- [Exercise directions] What is needed is an exact reproduction of the listing, without its pictures.

- [Information shown]
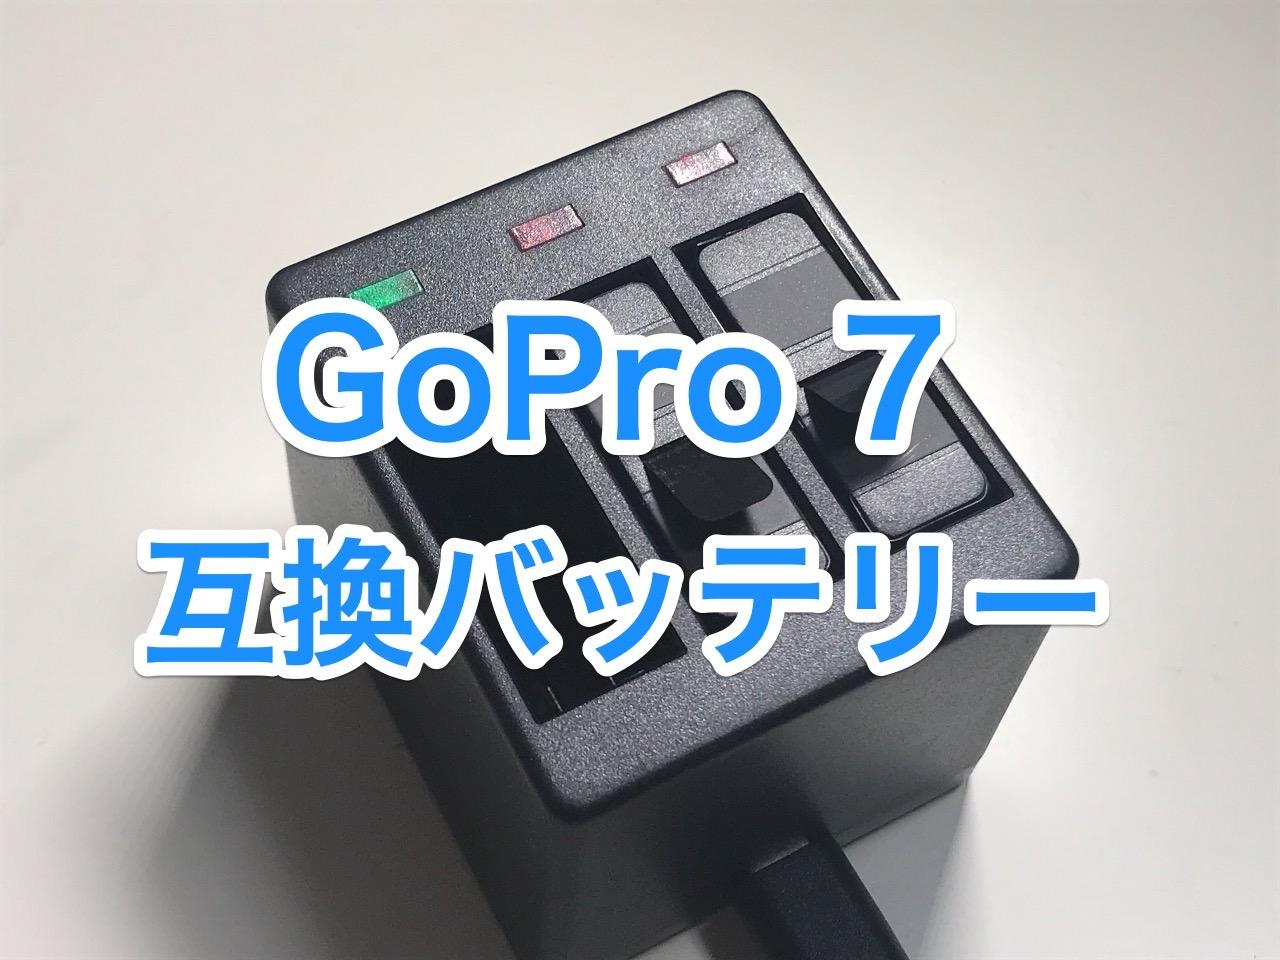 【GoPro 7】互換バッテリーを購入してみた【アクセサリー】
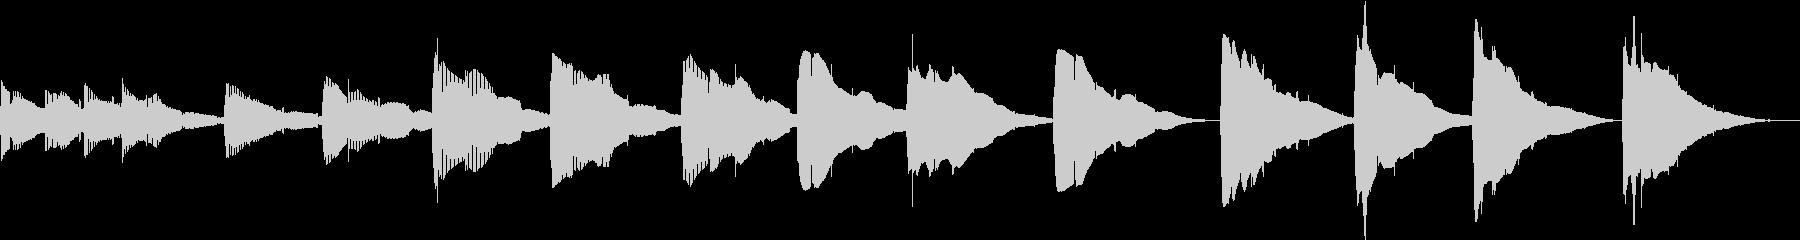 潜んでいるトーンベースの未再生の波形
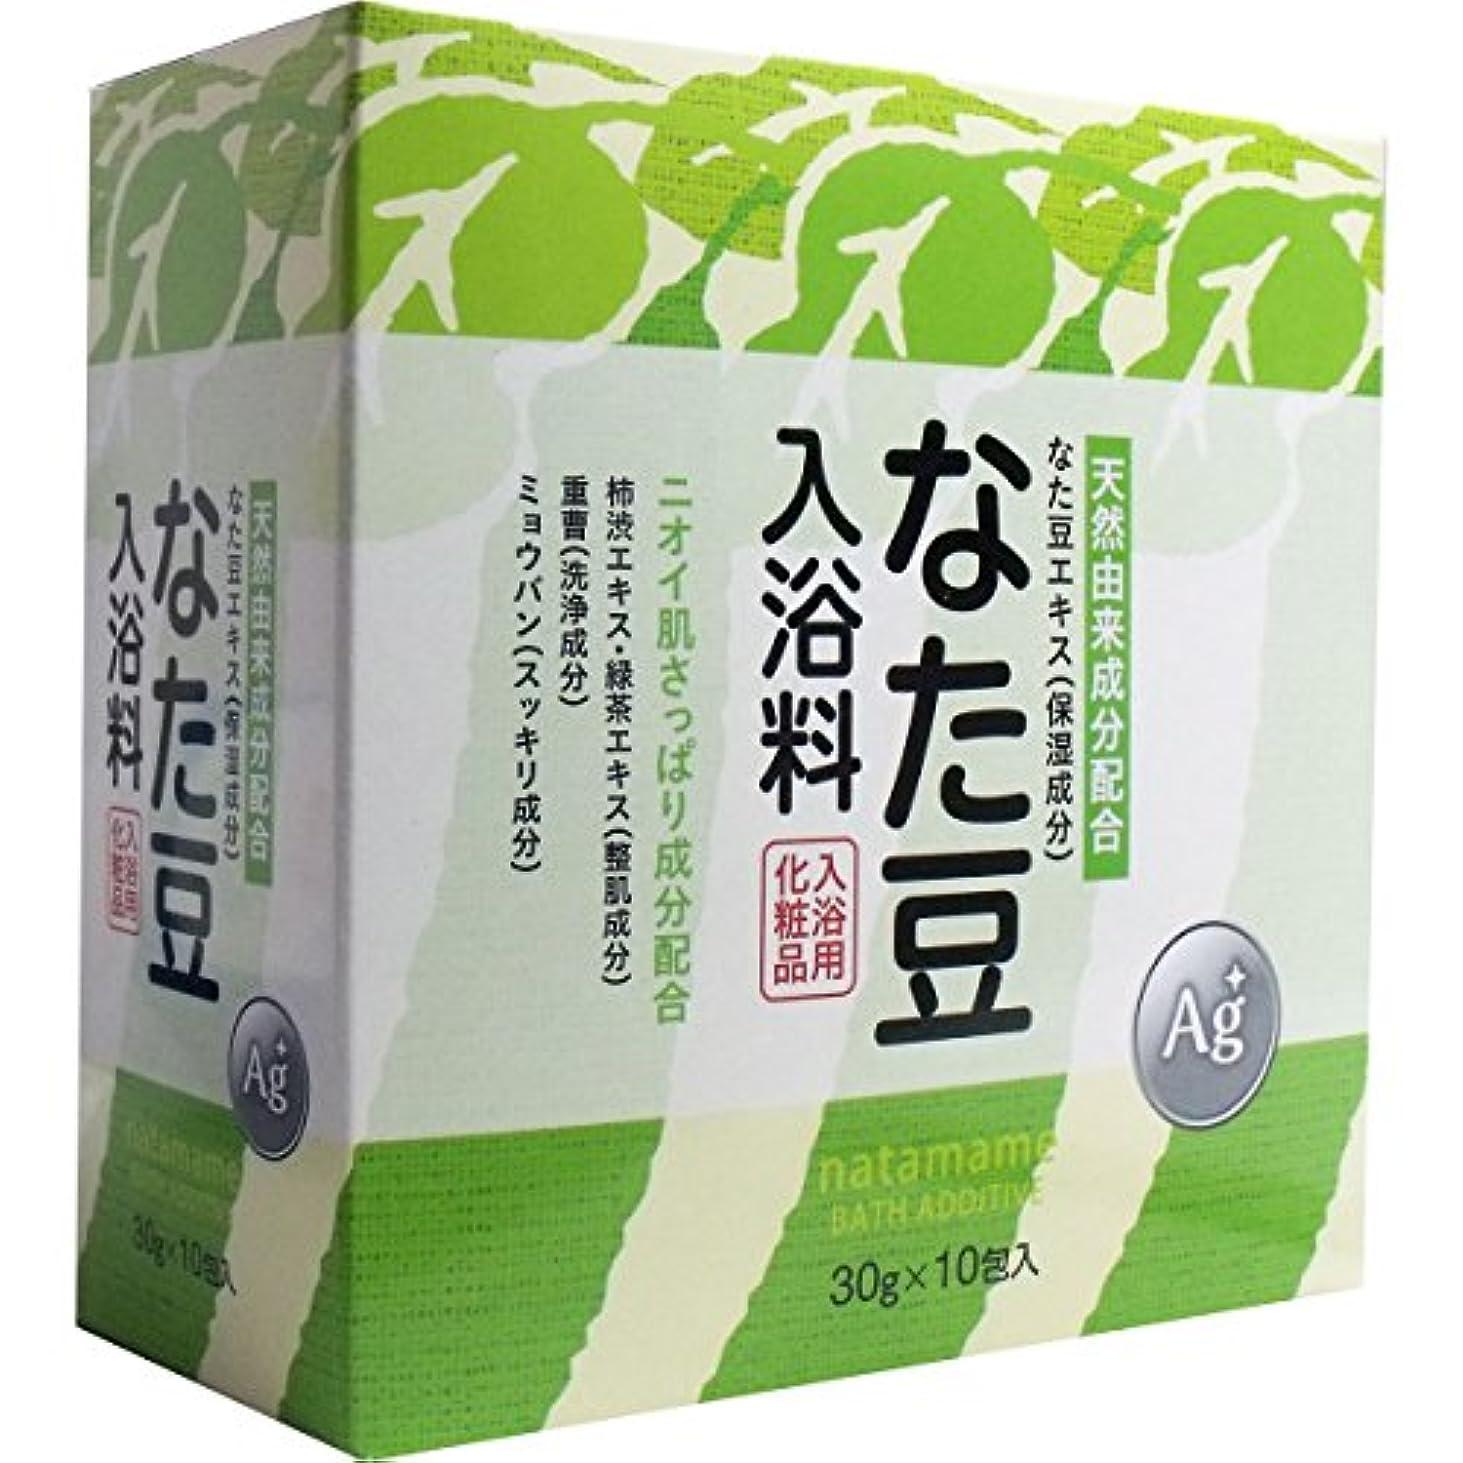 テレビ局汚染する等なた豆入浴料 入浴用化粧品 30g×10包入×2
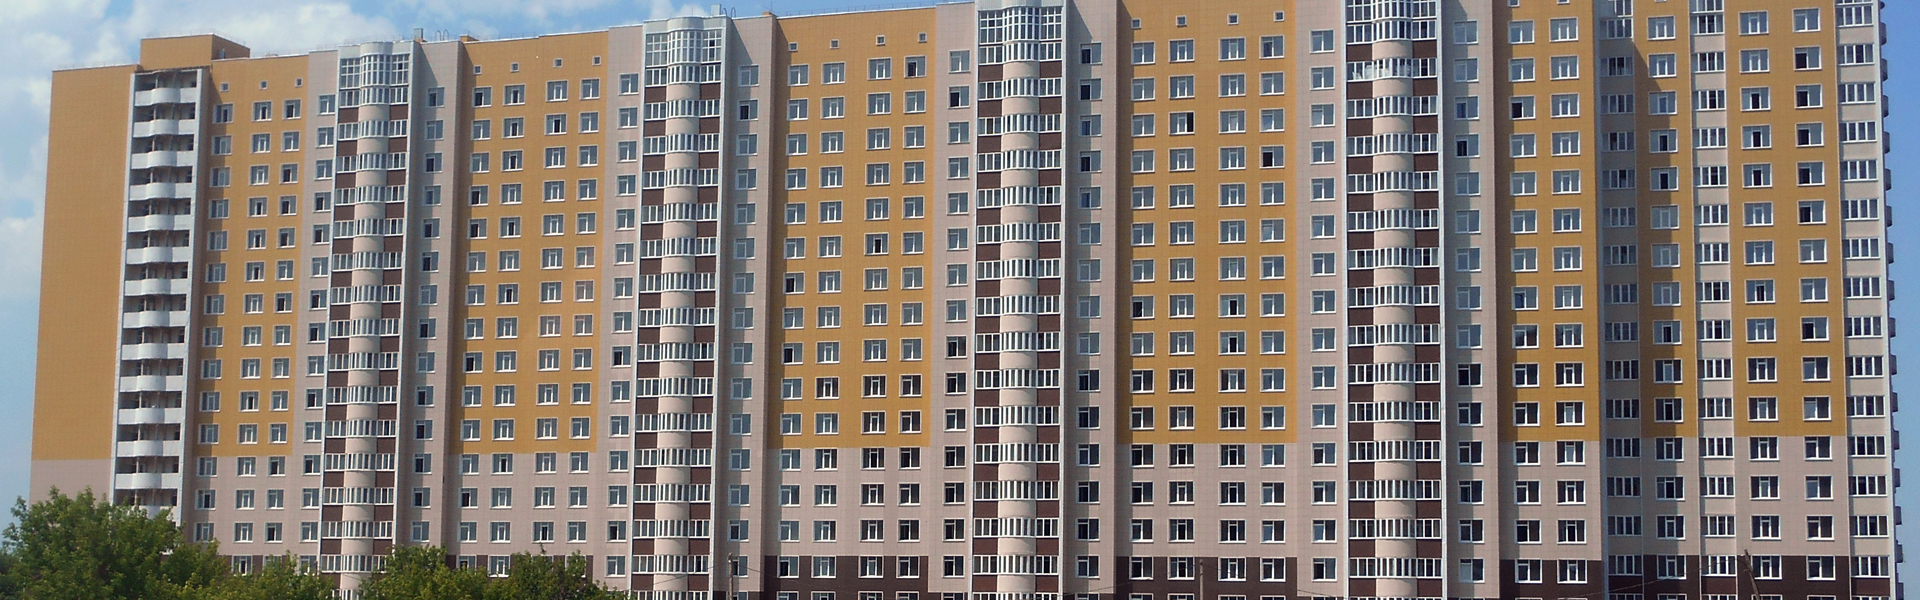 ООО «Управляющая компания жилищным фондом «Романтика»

- [Your response]
 【GoPro 7】互換バッテリーを購入してみた【アクセサリー】
 潜んでいるトーンベースの未再生の波形
 テレビ局汚染する等なた豆入浴料 入浴用化粧品 30g×10包入×2
 ООО «Управляющая компания жилищным фондом «Романтика»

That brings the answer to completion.